Former President Gerald R. Ford yesterday warned that an opportunity to achieve significant reform of government regulation may be "slipping away."
In luncheon address before an American Enterprise Institute conference on regulation reform he also predicted that "unless recent trends are reversed, the extent of regulation is sure to increase in the years ahead."
Ford, looking tanned an rested, complained that various regulatory reform initiatives - some of them begun in his own administration - had yielded "insufficient resuits."
While he didn't specifically mention the Carter administration, he pointedly contrasted what he believed to be the mood when he was leaving office with what he preceives today.
"A year ago in Washington the climate was rapidly changing in favor of the greater regulatory reform," he said. "We were literally on the threshold of several major, breakthroughs. But today - only one year later - that marvelous opportunity may be slipping away from us."
Although he blamed some of the problem on the congressional committees are structured. Ford said his experience has led him to believe that the "sucess" of reform efforts depends on four essential elements:
The administration in power organizing a task force of high level appointees to tackle the issue on a sustematic, continuing basis, with every agency "fully behind the reform effort."
The President taking a "strong, consistent public stance" on regulatory reform matters. "As you know, no President can rally the country on more than a handful of issues at a time," he said. "If regulatory reform is not among them, you can give up on any hopes of any substantial reform."
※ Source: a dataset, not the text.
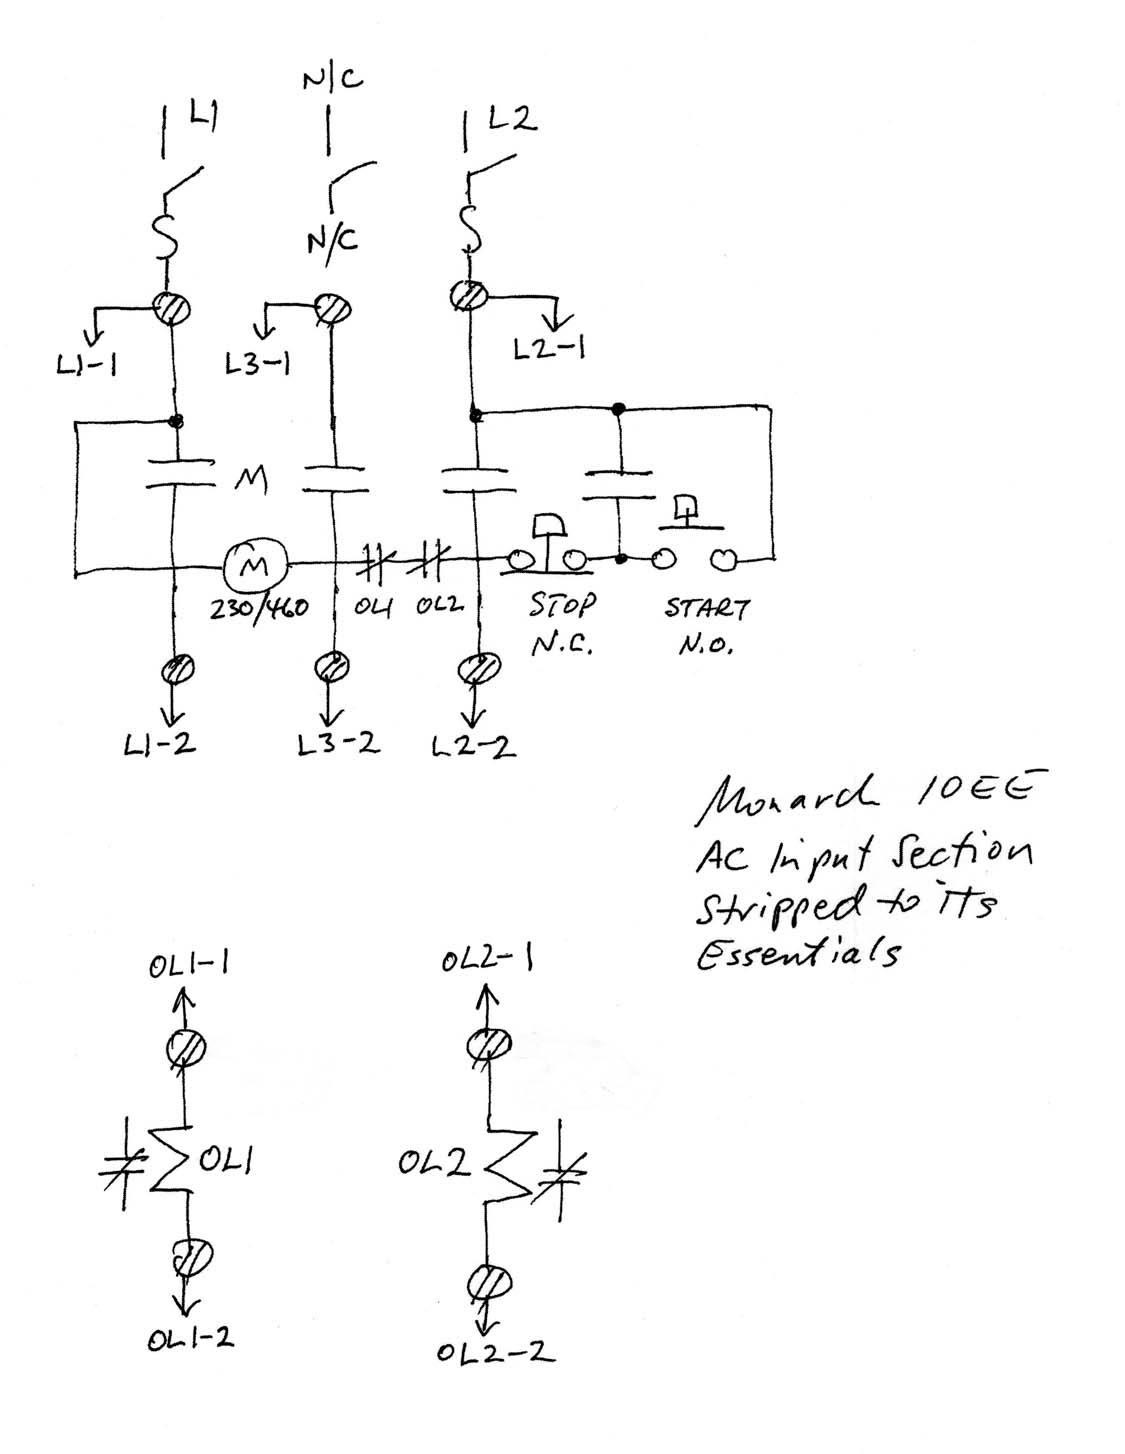 Diagram Baldor Single Phase Generator Wiring Diagram Full Version Hd Quality Wiring Diagram Mydiagramx18 Osteriadamariano It

Mobilizing a broad coalition drawn from liberal and conservative groups in favor to support the reform movement. Public pressure must be brought to bear in such a way that it weakens the effect of one of three groups that consistently oppose change - the Congress, the bureaucracy and the interest groups, he explained.
Addressing a package of reform measures as a unit rather than a peicemeal approach. This measure, such as one Ford proposed and one currently being considered, would require that the President submit a comprehensive reform plan for a segment of industry each year. If action isn't taken by the appropriate congressional committees within a certain period of time, the proposals would become the pending business on the floor of each chamber.
This approach would make it easier for the President to mobilize the public in support of reform and more difficult for vested interests to block action, Ford said.
In an off-the-cuff remark Ford, who is a distinguished fellow of AEI, took a special swipe at the Interstate Commerce Commission, which he called the "worst operated, least effective" of any agency in Washington."I just wanted to get that off my chest," he said.
Ford's address was part of an all-day conference on regulation sponsored by AEI, which also featured a panel of to less than 14 former regulators, government administrators, economists and lawyers, many of whom served in the Ford administration. The panelists were split on all major questions, including how much reform has been accomplished, what is left to do, and how it should be done.
In an assessment of regulatory reform efforts, AEI resident scholar James C. Miller III, who served as assistant director of the Council on Wage and Price Stability during part of the Ford administration, noted with some pleasure the passage of legislation deregulating the air cargo industry, new congressional initiatives into some areas such as trucking, and some Carter appointments such as Alfred Kahn to head the Civil Aeronauties Board.
Be he also complained about "rather significant efforts toward more regulation" and the "gutting" of what was a required inflationary or economic impact statement for actions taken by agencies.
He also worried that some efforts, such as writing regulations more clearly, were misdirected. "I'm concerned that we'll get rid of some gnats that fly around our face, and not the beast that eats us alive," Miller said.